Researchers from the HSE International Laboratory for Supercomputer Atomistic Modeling and Multi-scale Analysis, JIHT RAS and MIPT have compared the performance of popular molecular modeling programs on GPU accelerators produced by AMD and Nvidia. In a paper published by the International Journal of High Performance Computing Applications, the scholars ported LAMMPS on the new open-source GPU technology, AMD HIP, for the first time.
The scholars thoroughly analyzed the performance of three molecular modeling programs—LAMMPS, Gromacs and OpenMM—on GPU accelerators Nvidia and AMD with comparable peak parameters. For the tests, they used the model of ApoA1 (Apolipoprotein A1)—apolipoprotein in blood plasma, the main carrier protein of ‘good cholesterol.” They found that the performance of research calculations is influenced not only by hardware parameters, but also by software environment. It turned out that ineffective performance of AMD drivers in complicated scenarios of parallel launch of computing kernels can lead to considerable delays. Open-source solutions still have their disadvantages.
In the recently published paper, the researchers were the first to port LAMMPS on a new open-source GPU technology, AMD HIP. This developing technology looks very promising since it helps effectively use one code both on Nvidia accelerators and on new GPUs by AMD. The developed LAMMPS modification has been published as an open source and is available in the official repository: users from all over the world can use it to accelerate their calculations.
“We thoroughly analyzed and compared the GPU accelerator memory sub-systems of Nvidia Volta and AMD Vega20 architectures. I found a difference in the logics of parallel launch of GPU kernels and demonstrated it by visualizing the program profiles. Both the memory bandwidth and the latencies of different levels of GPU memory hierarchy as well as the effective parallel execution of GPU kernels—all these aspects have a major impact on the real performance of GPU programs,” said Vsevolod Nikolskiy, HSE University doctoral student and one of the paper’s authors.
The paper’s authors argue that participation in the technological race of the contemporary microelectronics giants demonstrates an obvious trend toward greater variety of GPU acceleration technologies.
“On the one hand, this fact is positive for end users, since it stimulates competition, growing effectiveness and the decreasing cost of supercomputers. On the other hand, it will be even more difficult to develop effective programs due to the need to consider the availability of several different types of GPU architectures and programming technologies,” said Vladimir Stegailov, HSE University professor. “Even supporting program portability for ordinary processors on different architectures (x86, Arm, POWER) is often complicated. Portability of programs between different GPU platforms is a much more complicated issue. The open-source paradigm eliminates many barriers and helps the developers of big and complicated supercomputer software.”
In 2020, the market for graphic accelerators experienced a growing deficit. The popular areas of their use are well-known: cryptocurrency mining and machine learning tasks. Meanwhile, scientific research also requires GPU accelerators for mathematical modeling of new materials and biological molecules.
“Creating powerful supercomputers and developing fast and effective programs is how tools are prepared for solving the most complex global challenges, such as the COVID-19 pandemic. Computation tools for molecular modeling are used globally today to search for ways to fight the virus,” said Nikolay Kondratyuk, researcher at HSE University and one of the paper’s authors.
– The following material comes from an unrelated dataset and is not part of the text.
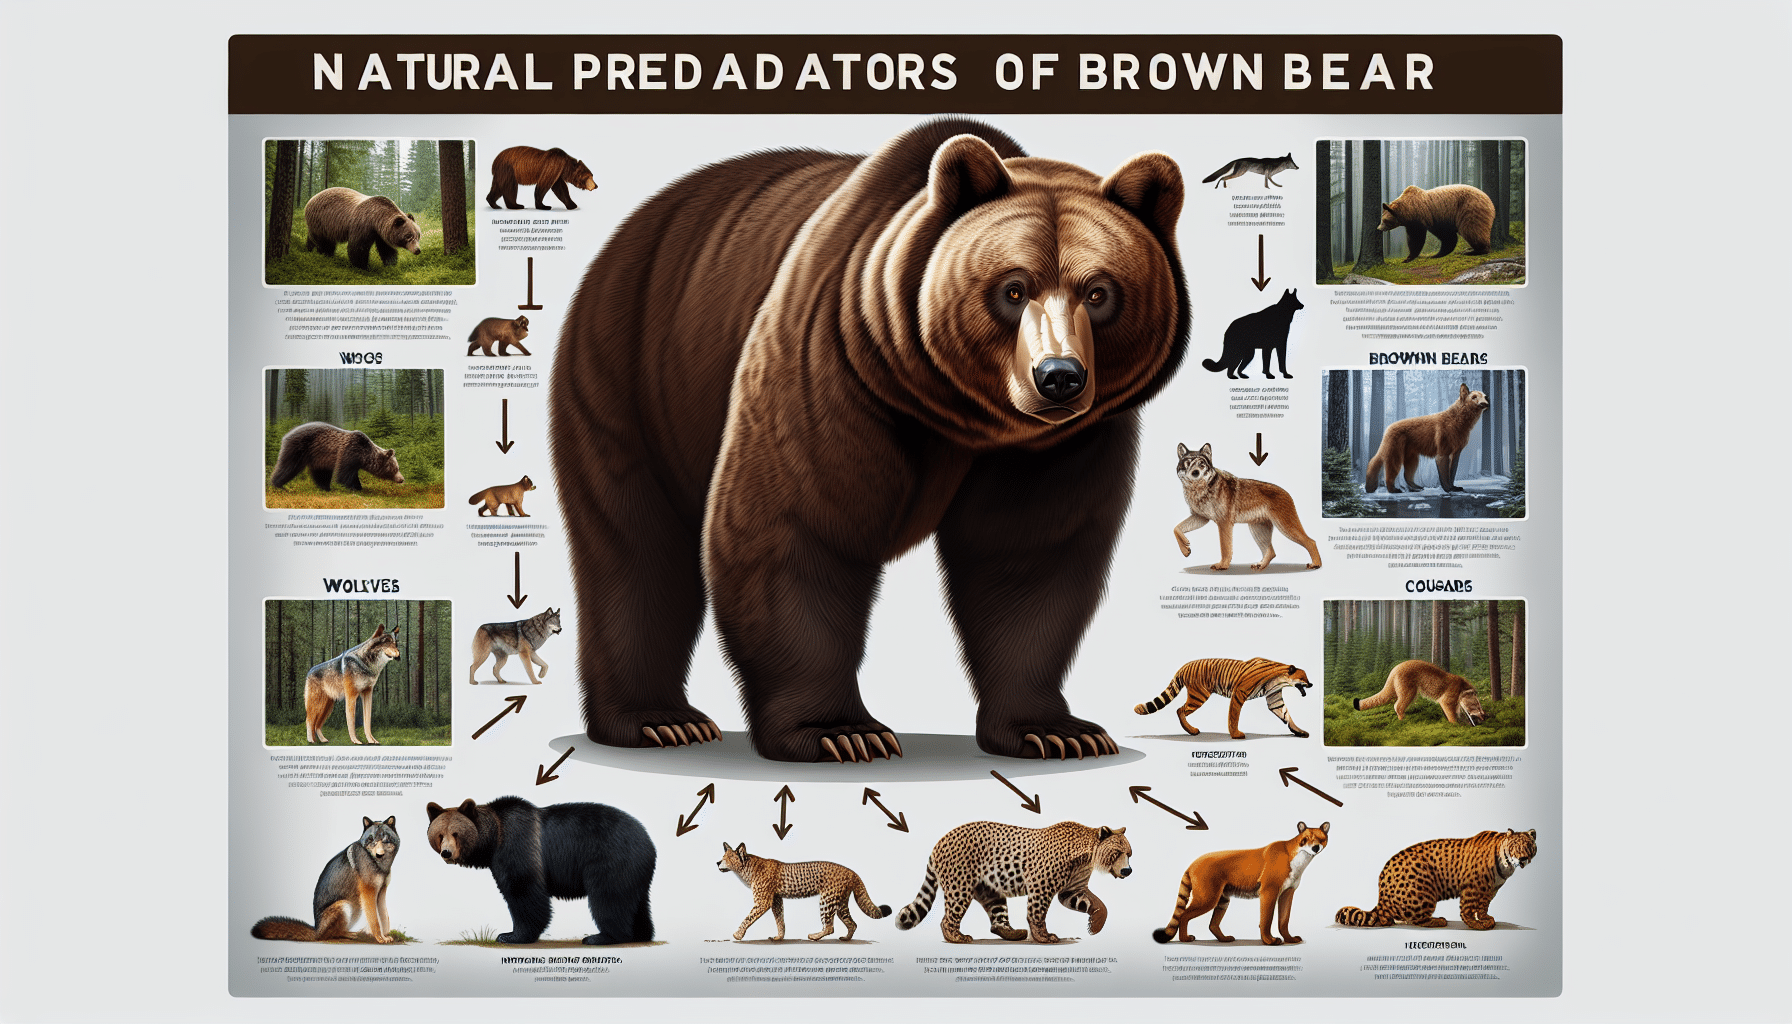 A detailed infographic presenting the natural predators of brown bears. On the bottom, a lifelike, full body depiction of a brown bear is present. Above it, images represent each predator with corresponding arrows pointing towards the bear. Include depictions of large predators such as bigger brown bears, and possibly wolves, cougars or tigers. Ensure the setting is a dense forest environment to provide context to their natural habitat. Strictly avoid inclusion of any human figures, text, brand names or logos in the depiction.

The most important programs for mathematical modeling are developed by international teams and scholars from dozens of institutions. Development is carried out within the open-source paradigm and under free licenses. The competition of two contemporary microelectronics giants, Nvidia and AMD, has led to the emergence of a new open-source infrastructure for GPU accelerators’ programming, AMD ROCm. The open-source character of this platform gives hope for maximum portability of codes developed with its use, to supercomputers of various types. Such AMD strategy is different from Nvidia’s approach, whose CUDA technology is a closed standard.
It did not take long to see the response from the academic community. Projects of the largest new supercomputers based on AMD GPU accelerators are close to completion. The Lumi in Finland, with 0.5 exaFLOPS of performance (which is similar to performance of 1,500,000 laptops!) is quickly being built. This year, a more powerful supercomputer, Frontier, is expected in the U.S. (1.5 exaFLOPS), and in 2023—an even more powerful El Capitan (2 exaFLOPS) is expected.